Question

Daniel decides he wants to make a stew, too, but decides to cook his in tge oven at a higher temperature of 350 F. They are in the same room, so the temperature is the same. If it takes Daniel's stew 50 minutes to cool to serving temperature,what is his cooling rate??? PLEASE HELP (Newton's law of cooling)!!!!!

Answer 1

Is this part of another problem? We don't seem to have all of the information here.

Answer 2

Its the entire problem

Answer 3

What is the serving temperature? "They are in the same room" — what is "they"?

Answer 4

That's what the problem says ,, i have no idea. Isn't room temperature 70F?

Answer 5

But you don't typically eat your food at room temperature.

Answer 6

Well, I don't :-)

Answer 7

Well, Newton's law of cooling says that the rate of cooling is proportional to the difference in temperature between the object which is cooling and the ambient temperature.

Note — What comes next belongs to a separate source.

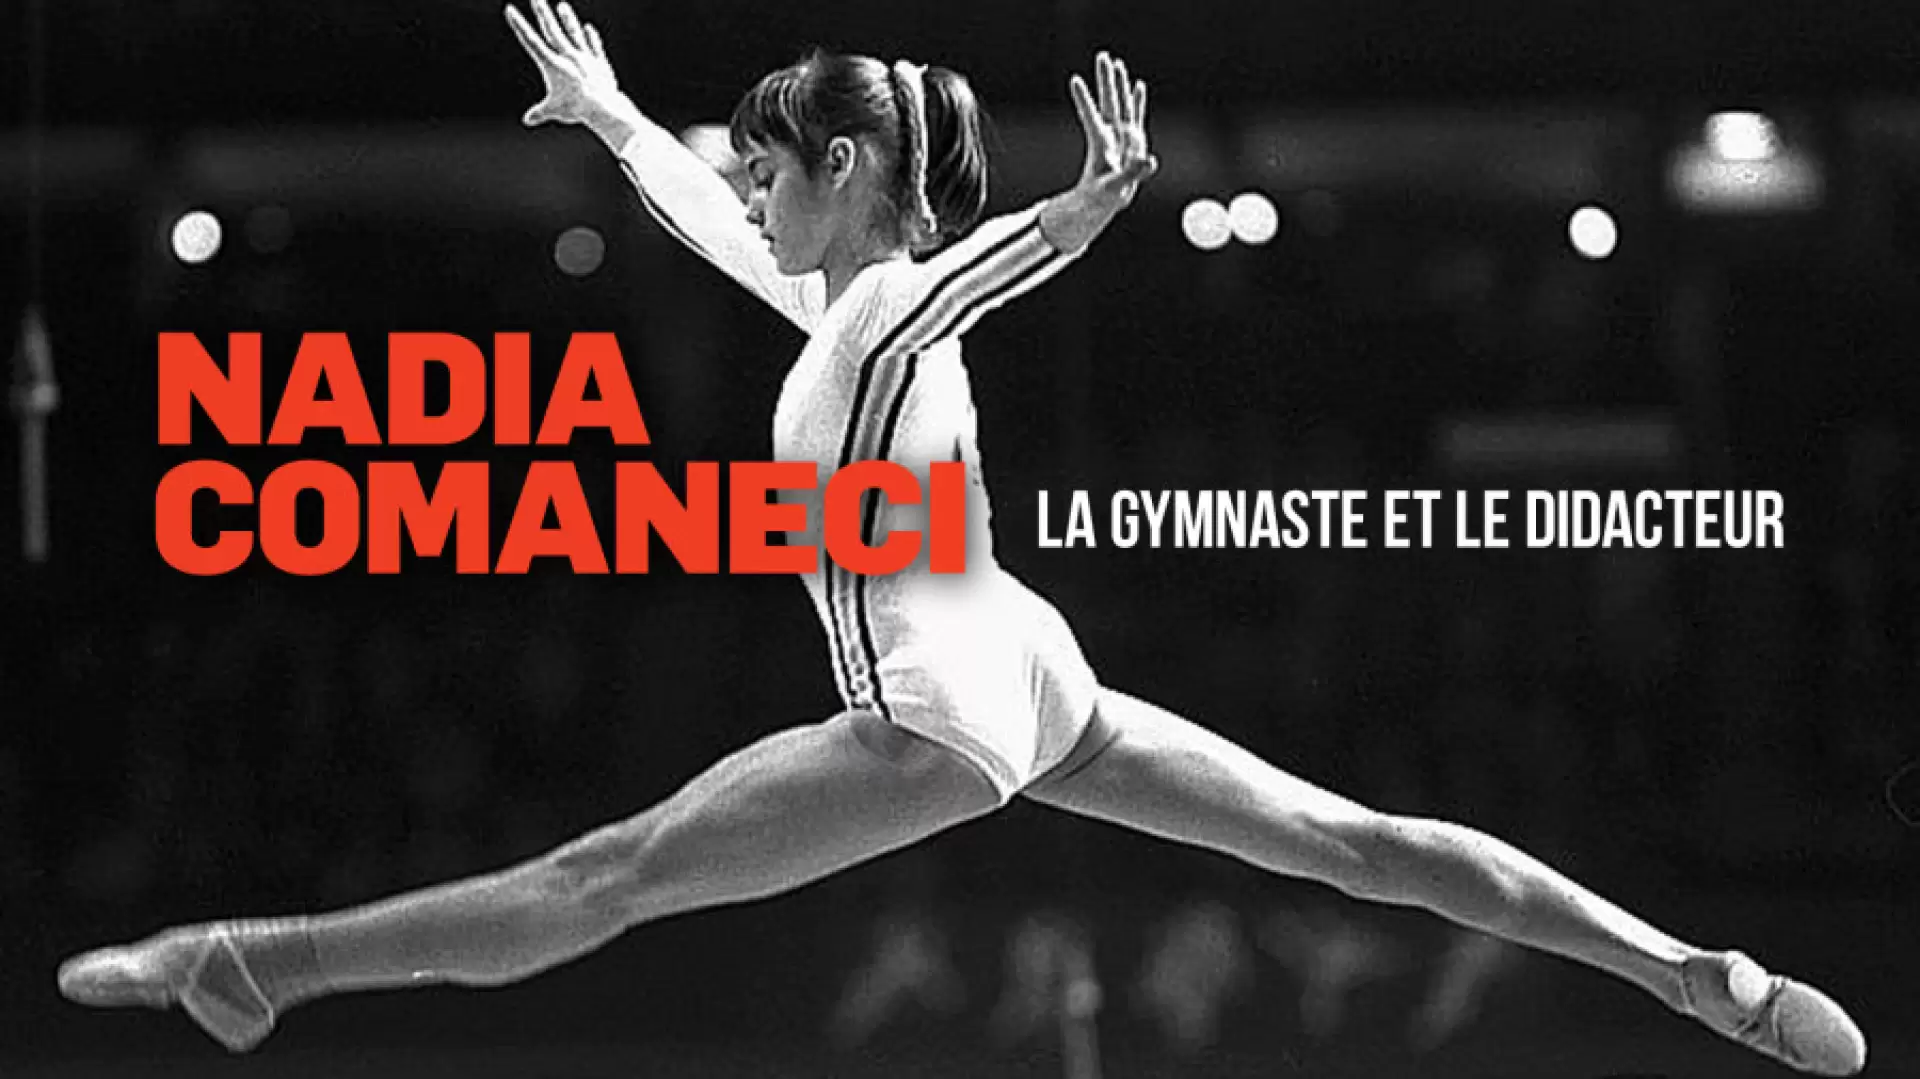 دانلود مستند Nadia Comaneci: The Gymnast and the Dictator 2016

Let's call the temperature of the stew at time \(t\) simply \(T(t)\)
Let's call the ambient temperature (whatever it is) \(T_a\)
The difference in temperature will be \(T(t) - T_a\)
We'll call that \(y(t)\) to make things a bit neater. \(y(t) = T(t)-T_a\)

okay so far?

Answer 8

We'll have an initial temperature of \(T(0) = T_0 = 350^\circ\text{F} = 449.8^\circ\text{K}\)